Dating attitudes and behaviors of american and chinese college students
If so, how much are they willing to reveal about themselves? How important are such revelations to a relationship?Recently researchers have begun to provide a few of the answers to such questions (Byers & Demmons, 2010; Snell, Belk, Papini, & Clark, 1989).The revised sexual self-disclosure scale (SSDS-R) is targeted to one’s intimate partners, and is comprised of 72 questions and 24 topic areas.The 24 areas are clustered into four categories: sexual behaviors, sexual values and preferences, sexual attitudes, and sexual affect.The authors also devised a future-oriented response scale asking how much people would be willing to disclose.For example, “1 = I am not willing to discuss this topic with _______.” Byers and Demmons (2010) asked subjects about their behaviors: “disclosure of their sexual likes and dislikes.” Participants are asked to indicate on a 7-point Likert scale to what extent they have communicated their sexual preferences to their partners.
” Similarly, Quina and fellow researchers (2000) included a section in their Assertive Sexual Communication Scales, called “Sexual Communication for Preferences”, which is comprised of six items, including such statements as: “I let my partner know what I do not like in sex” or “I let my partner know what feels good to me in sex”.
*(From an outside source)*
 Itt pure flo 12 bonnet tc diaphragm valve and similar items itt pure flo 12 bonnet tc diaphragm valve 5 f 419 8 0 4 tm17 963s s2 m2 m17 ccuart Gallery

It is generally acknowledged to be an important factor affecting people’s cognitions, emotions, motivations, behaviors, lifestyles, and wellbeing (Bond, 1997; Fiske, Kitayama, Markus, & Nisbett, 1998; Kağıtçıbaşı & Berry, 1989; Kitayama & Cohen, 2007; Lehman, Chiu, & Schaller, 2004; Markus & Kitayama, 1991; Singelis, 2000).
Yet, culture's influence on sexual self-disclosure has rarely if ever been investigated.
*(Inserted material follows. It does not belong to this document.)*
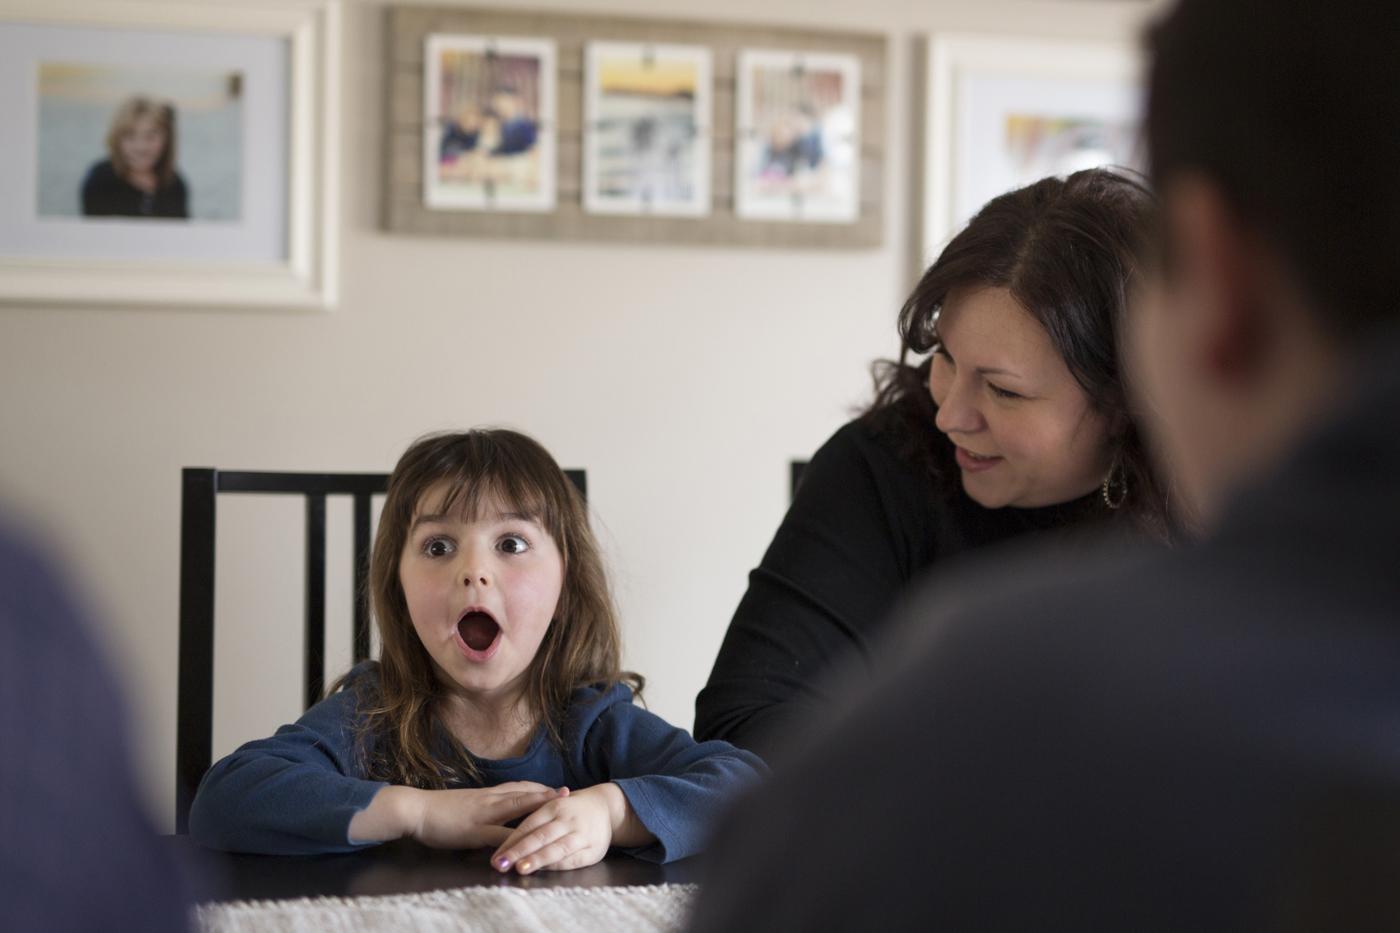 Violet is surprised

For example, “How much have you told your partner, the way(s) you like to be kissed?
”; “How much have you told your partner, the way(s) you like to be touched sexually?
In both the SSDS and the SSDS-R, respondents are asked to indicate on a 5-point scale the extent to which they have disclosed themselves to their intimate partners in the aforementioned categories.